The Impact of Coreset Selection on Spurious Correlations and Group Robustness
Amaya Dharmasiri, William Yang, Polina Kirichenko, Lydia Liu, Olga Russakovsky
TL;DR
The paper addresses how coreset selection interacts with spurious correlations to affect group robustness when group labels are unavailable. It conducts a large-scale empirical study across ten spurious-bias datasets, comparing learning-based and embedding-based sample characterization scores under multiple selection policies, and assesses bias via a bias level metric and worst-group accuracy. Key findings are that embedding-based scores generally pose a lower bias risk than learning-based ones, that lower coreset bias does not reliably translate to better robustness, and that very small coresets require careful handling with strategies beyond simple group balancing.
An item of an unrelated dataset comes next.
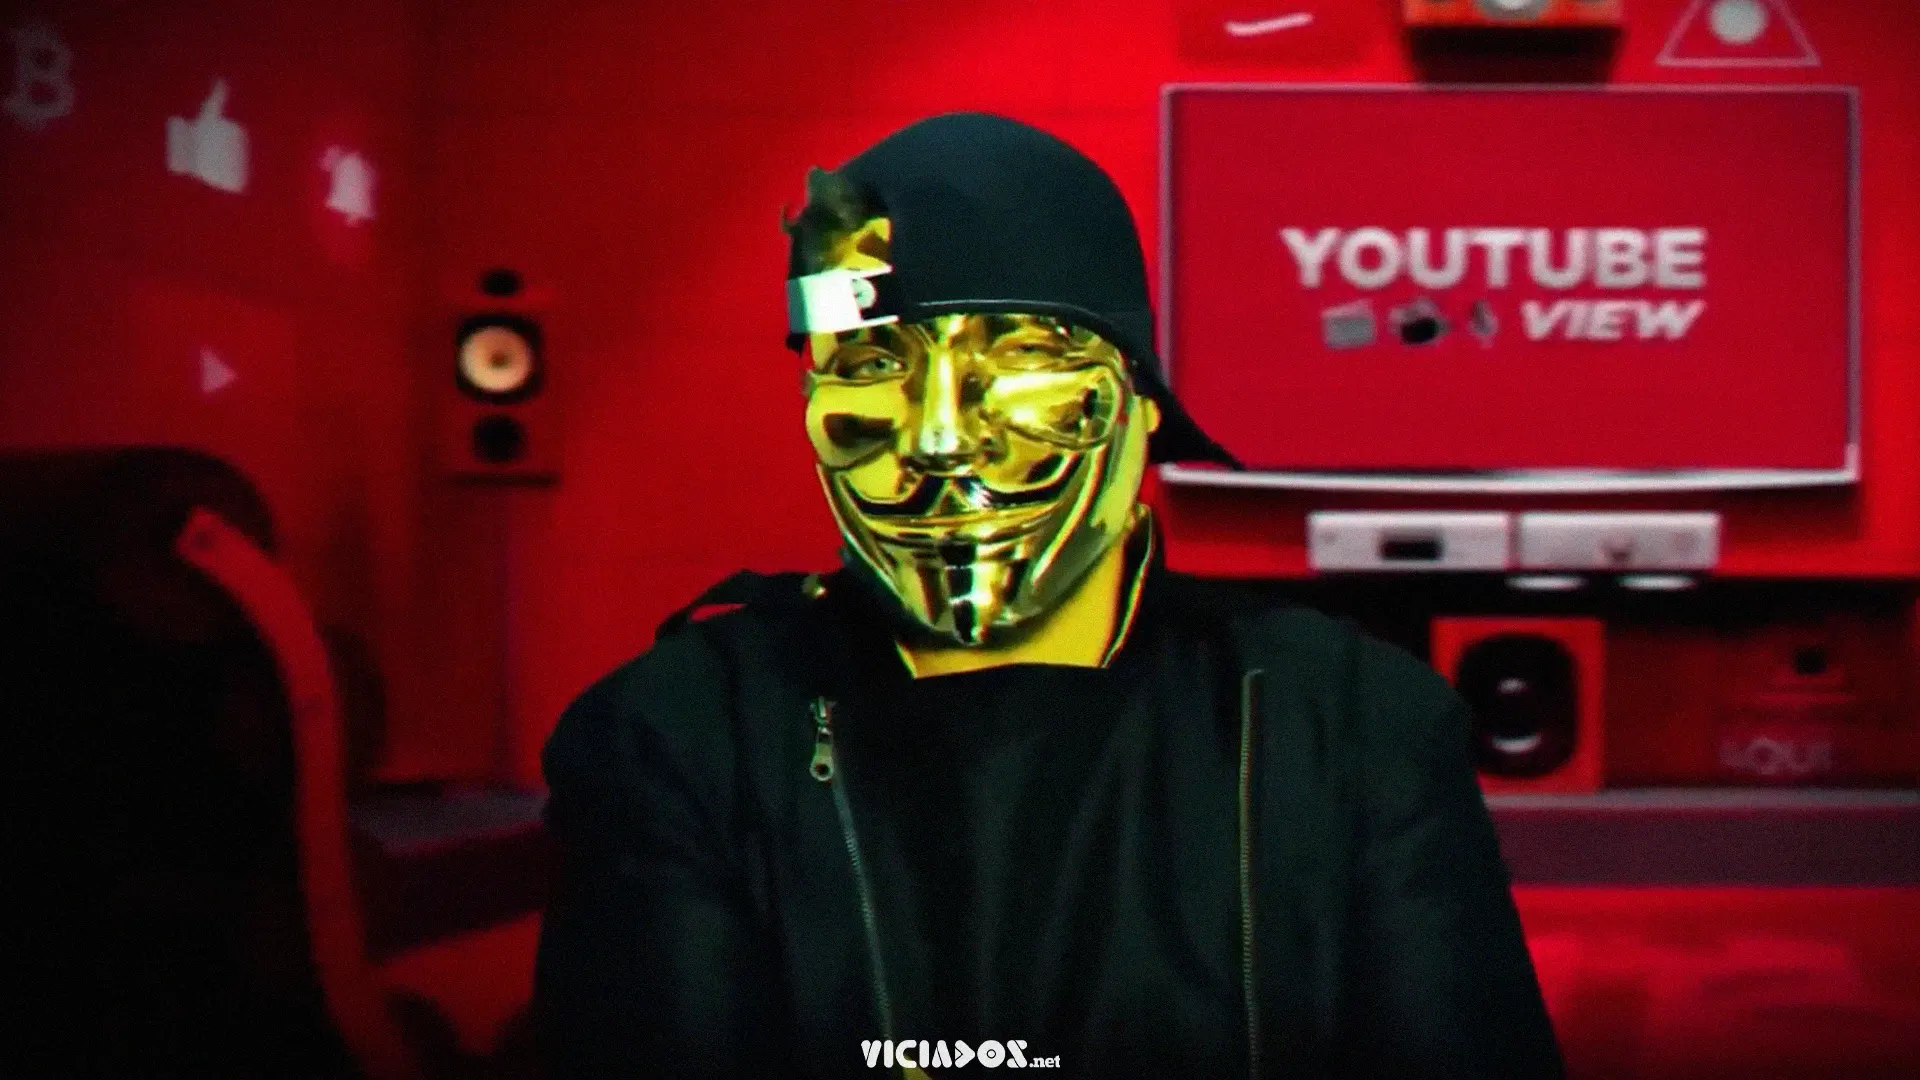 Contente ConTV | Youtuber mascarado finalmente revela o rosto 2022 Viciados
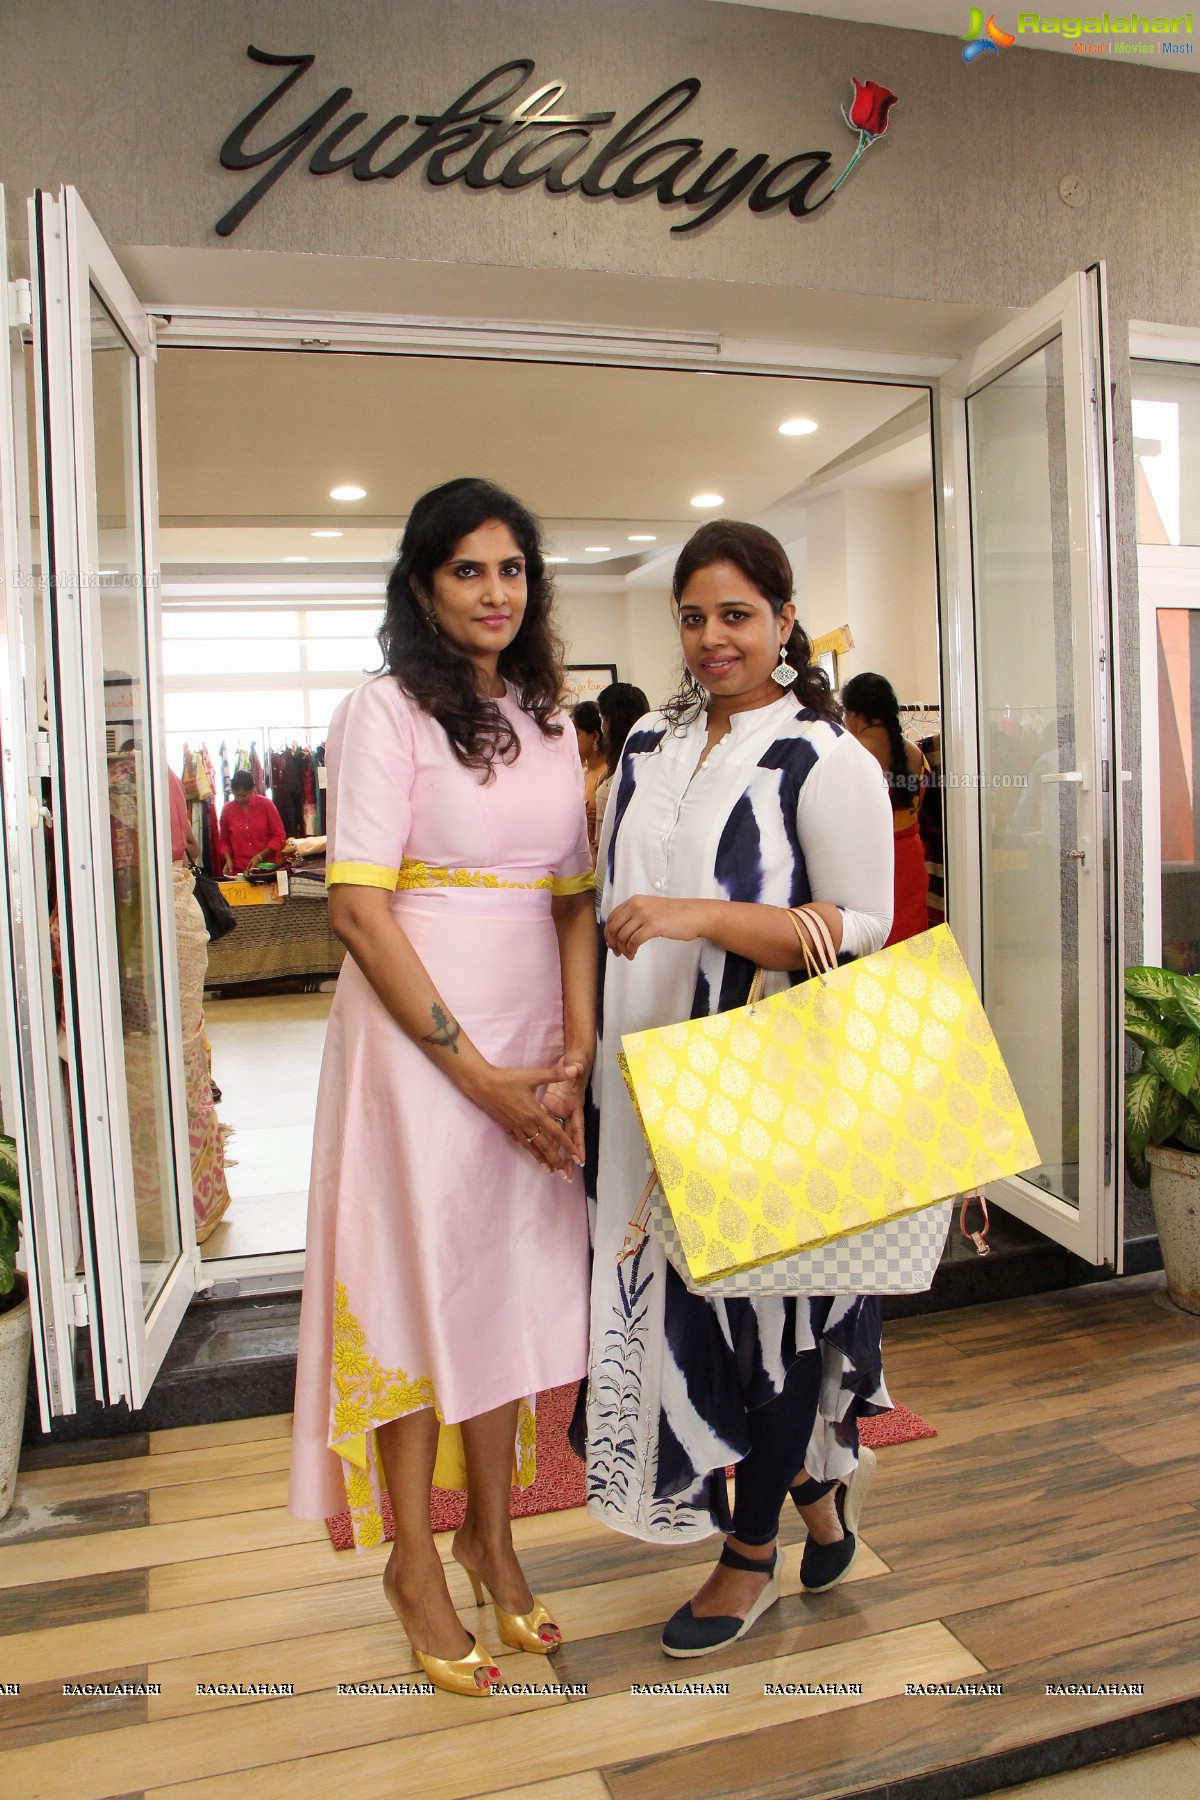 Vastraabharanam - A Monday Full of Shopping with 12 Designers at Yuktalaya, Madhapur

The work provides practical guidance for data reduction in the presence of hidden biases, emphasizing the importance of sample difficulty and sufficient coreset size to maintain group robustness in real-world settings.
Abstract
Coreset selection methods have shown promise in reducing the training data size while maintaining model performance for data-efficient machine learning. However, as many datasets suffer from biases that cause models to learn spurious correlations instead of causal features, it is important to understand whether and how dataset reduction methods may perpetuate, amplify, or mitigate these biases. In this work, we conduct the first comprehensive analysis of the implications of data selection on the spurious bias levels of the selected coresets and the robustness of downstream models trained on them. We use an extensive experimental setting spanning ten different spurious correlations benchmarks, five score metrics to characterize sample importance/ difficulty, and five data selection policies across a broad range of coreset sizes. Thereby, we unravel a series of nontrivial nuances in interactions between sample difficulty and bias alignment, as well as dataset bias and resultant model robustness. For example, we find that selecting coresets using embedding-based sample characterization scores runs a comparatively lower risk of inadvertently exacerbating bias than selecting using characterizations based on learning dynamics. Most importantly, our analysis reveals that although some coreset selection methods could achieve lower bias levels by prioritizing difficult samples, they do not reliably guarantee downstream robustness.